Software implementation risk

A modern algorithmic trading business is essentially a technology business, hence giving birth to the new term FinTech to mean the intersection of finance and technology. Computer software is designed, developed, and tested by humans who are error-prone and sometimes, these errors creep into trading systems and algorithmic trading strategies. Software implementation bugs are often the most overlooked source of risk in algorithmic trading. While operation risk and market risk are extremely important, software implementation bugs have the potential to cause millions of dollars in losses, and there have been many cases of firms going bankrupt due to software implementation bugs within minutes.

In recent times, there was the infamous Knight Capital incident, where a software implementation bug combined with an operations risk issue caused them to lose $440 million within 45 minutes and they ended up getting shut down. Software implementation bugs are also very tricky because software engineering is a very complex process, and when we add the additional complexity of having sophisticated and complex algorithmic trading strategies and logic, it is hard to guarantee that the implementation of trading strategies and systems are safe from bugs. More information can be found at https://dealbook.nytimes.com/2012/08/02/knight-capital-says-trading-mishap-cost-it-440-million/.

Modern algorithmic trading firms have rigorous software development practices to safeguard themselves against software bugs. These include rigorous unit tests, which are small tests on individual software components to verify their behavior doesn't change to an incorrect behavior as software development/maintenance being made to existing components is performed. There are also regression tests, which are tests that test larger components that are composed of smaller components as a whole to ensure the higher-level behavior remains consistent. All electronic trading exchanges also provide a test market environment with test market data feeds and test order entry interfaces where market participants have to build, test, and certify their components with the exchange before they are even allowed to trade in live markets.

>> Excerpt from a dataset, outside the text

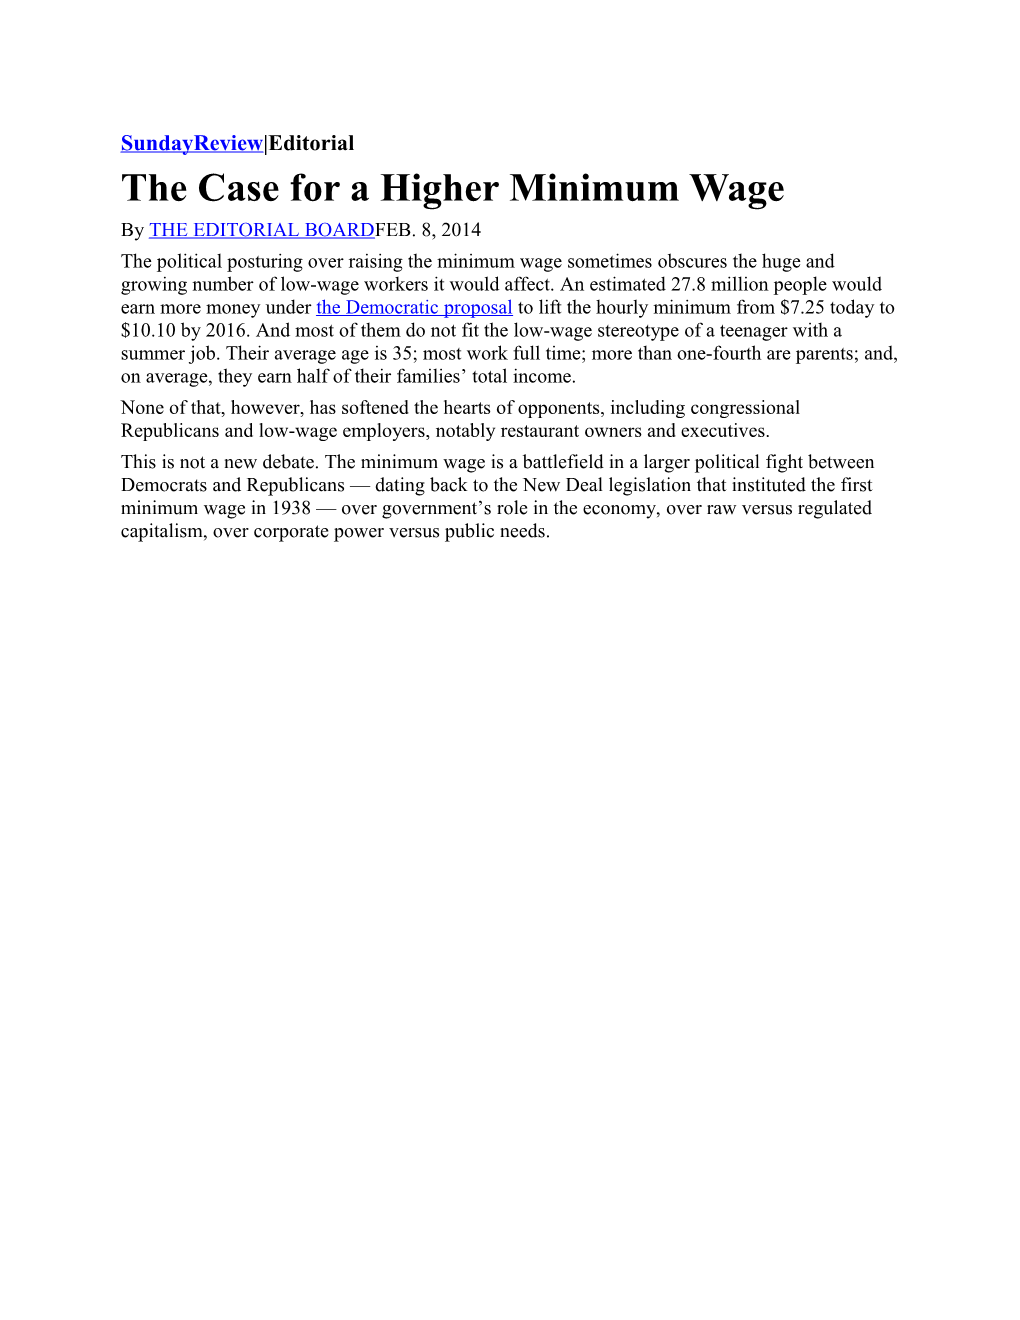 The Case for a Higher Minimum Wage

Most sophisticated algorithmic trading participants also have backtesting software that simulates a trading strategy over historically recorded data to ensure strategy behavior is in line with expectations. We will explore backtesting further in Chapter 9, Creating a Backtester in Python. Finally, other software management practices, such as code reviews and change management, are also performed on a daily basis to verify the integrity of algorithmic trading systems and strategies on a daily basis. Despite all of these precautions, software implementation bugs do slip into live trading markets, so we should always be aware and cautious because software is never perfect and the cost of mistakes/bugs is very high in the algorithmic trading business, and even higher in the HFT business.